> [Exercise materials]
:::

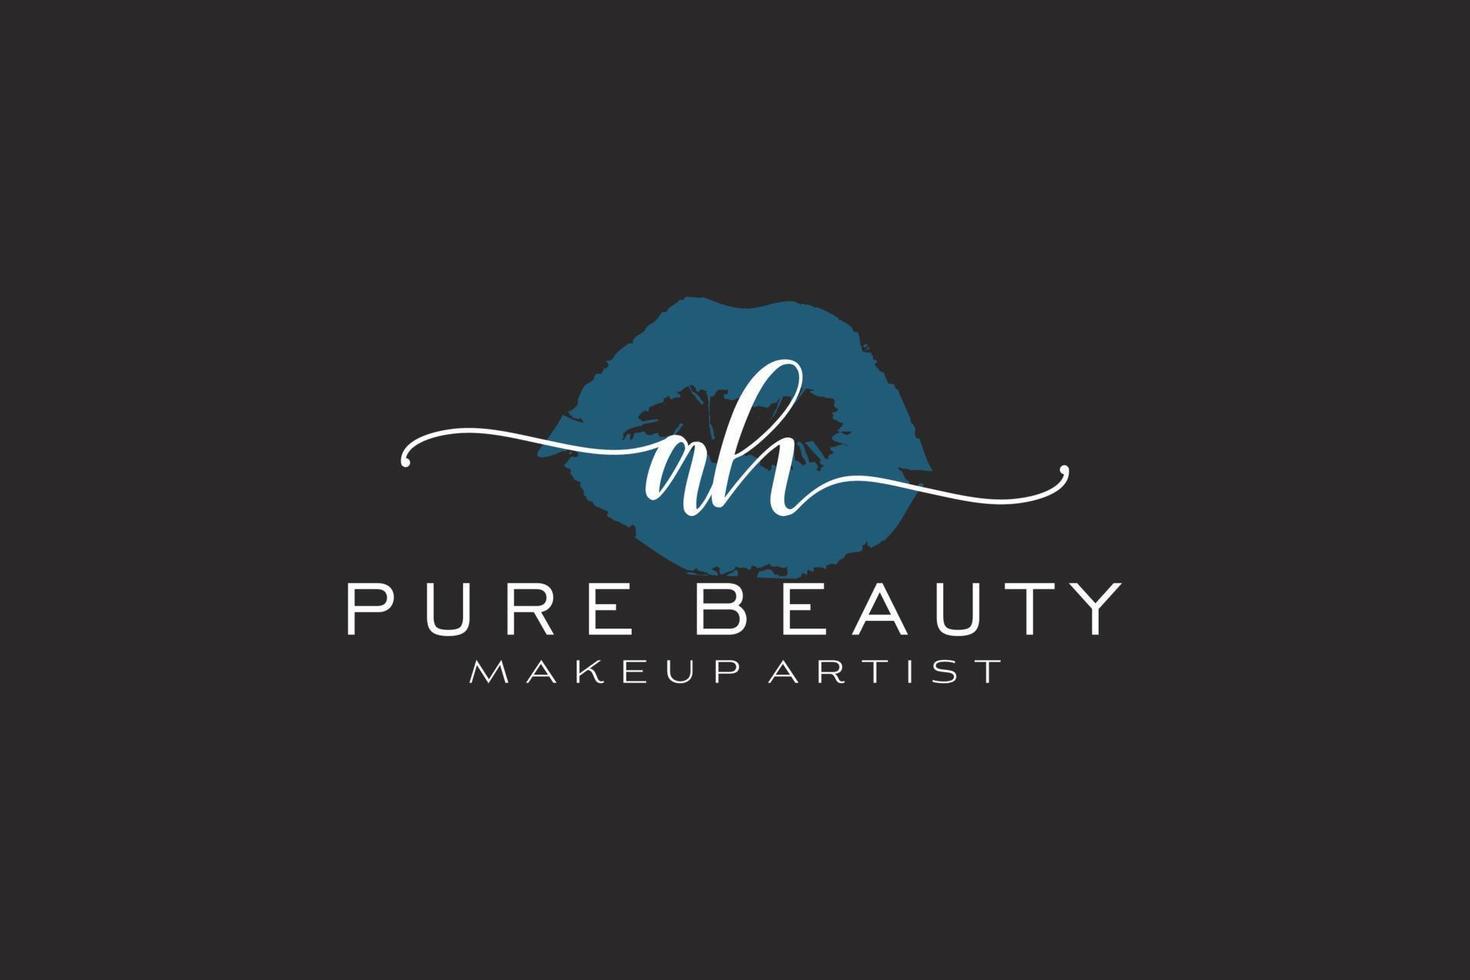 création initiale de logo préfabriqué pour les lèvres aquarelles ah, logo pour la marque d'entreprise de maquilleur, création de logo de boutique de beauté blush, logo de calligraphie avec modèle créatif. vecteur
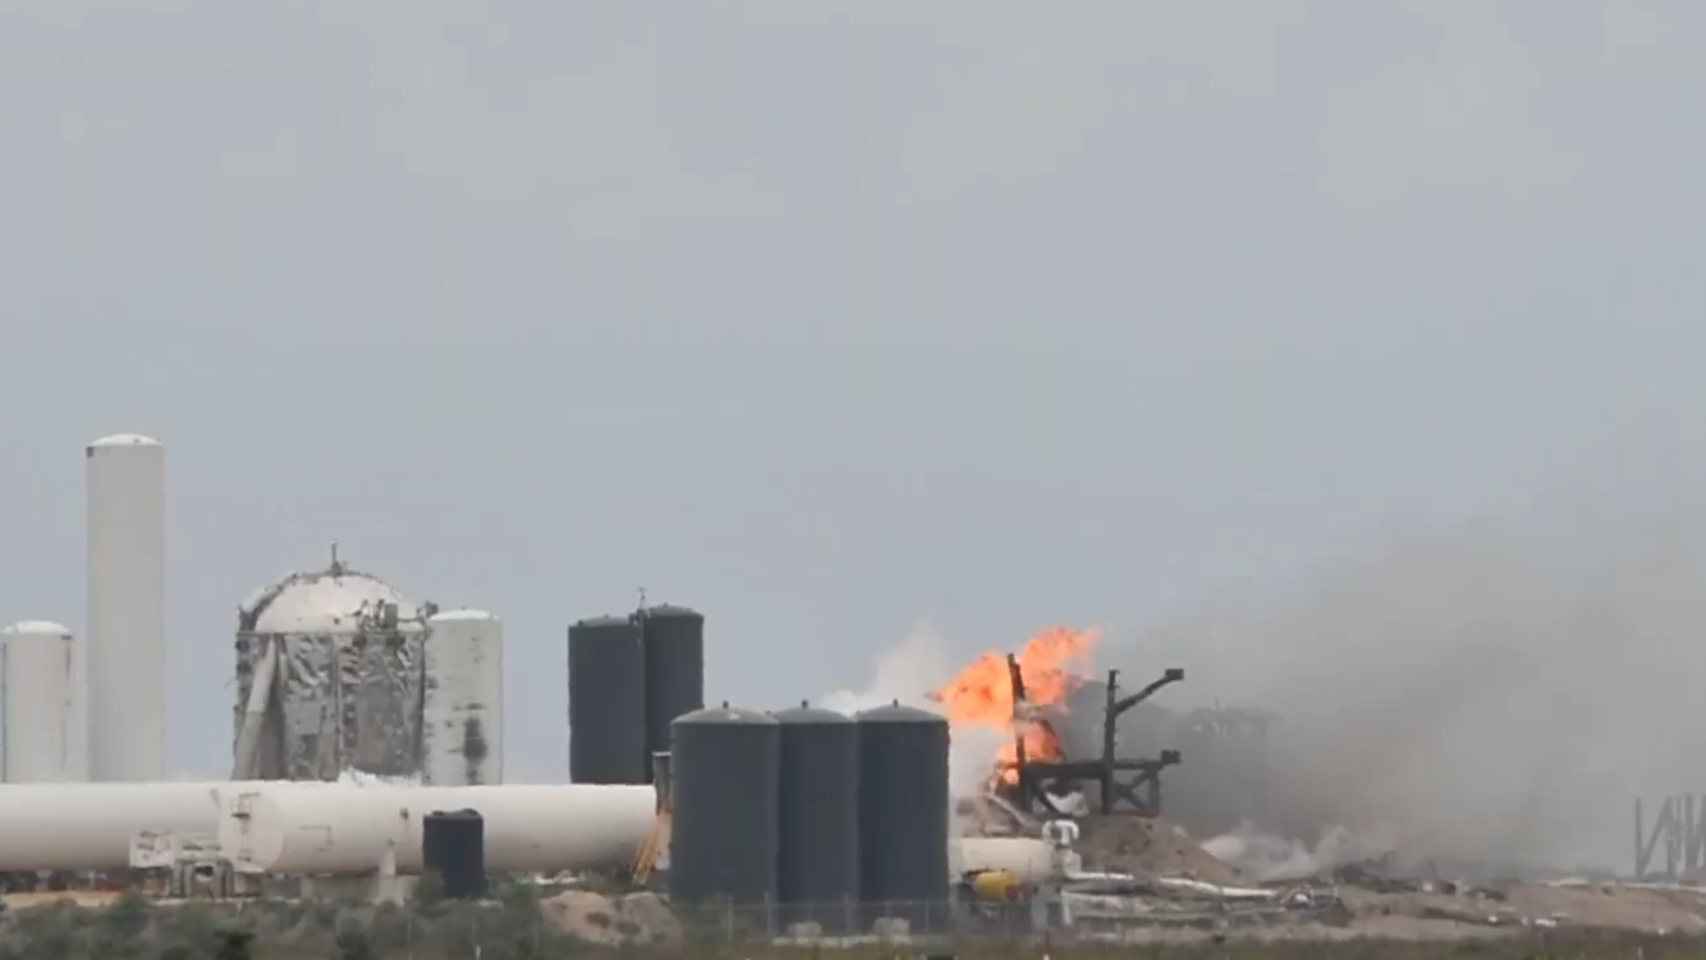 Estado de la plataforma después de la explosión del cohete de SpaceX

:::

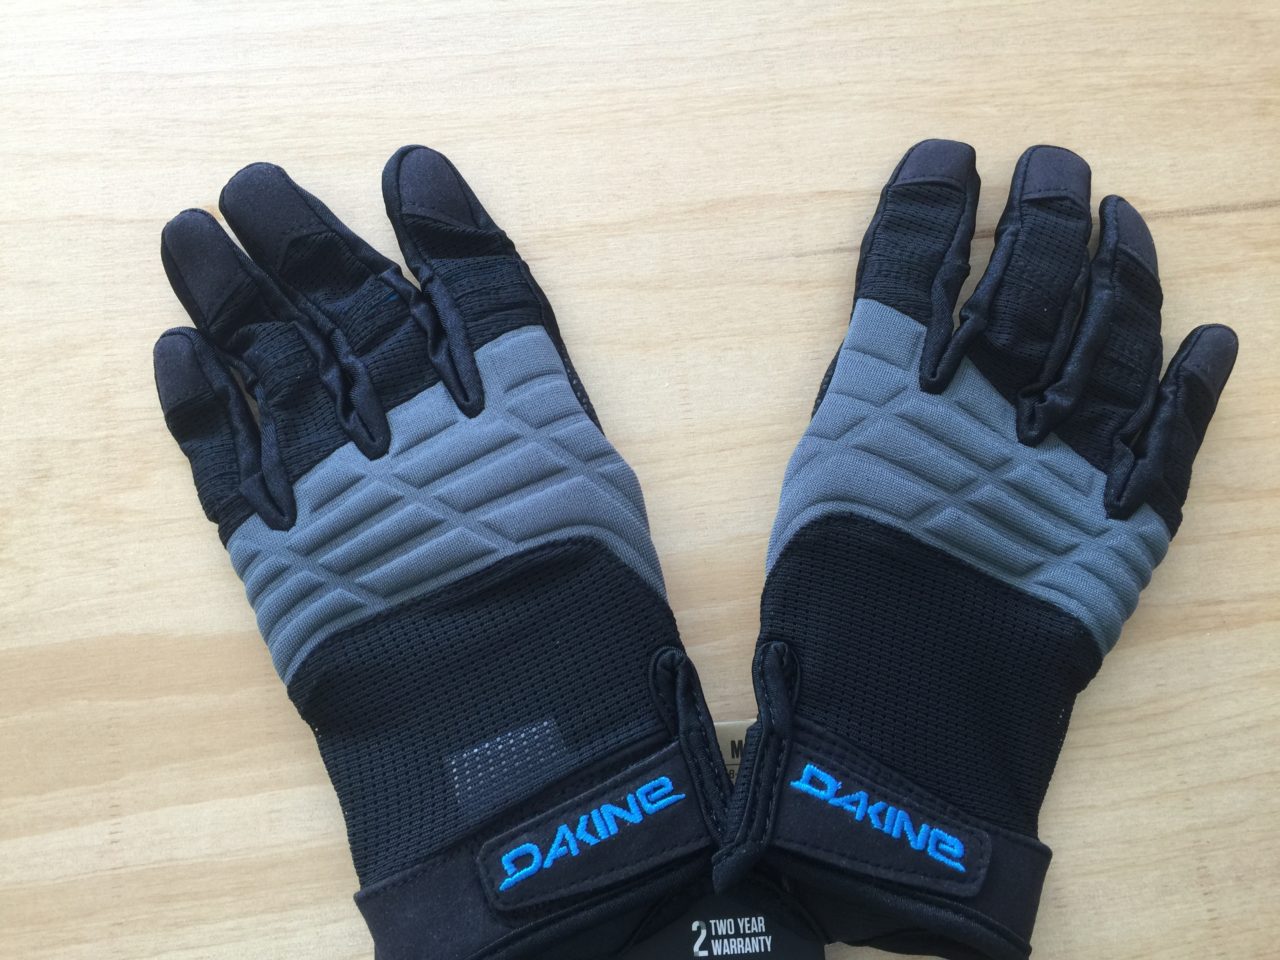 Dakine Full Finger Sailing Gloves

:::

> [Task to complete] From the material above, output only the span of lines that starts at the one containing "création initiale de" and finishes at the one containing "Estado de la", word for word and free of pictures.

> [Completed task]
 création initiale de logo préfabriqué pour les lèvres aquarelles ah, logo pour la marque d'entreprise de maquilleur, création de logo de boutique de beauté blush, logo de calligraphie avec modèle créatif. vecteur
 Estado de la plataforma después de la explosión del cohete de SpaceX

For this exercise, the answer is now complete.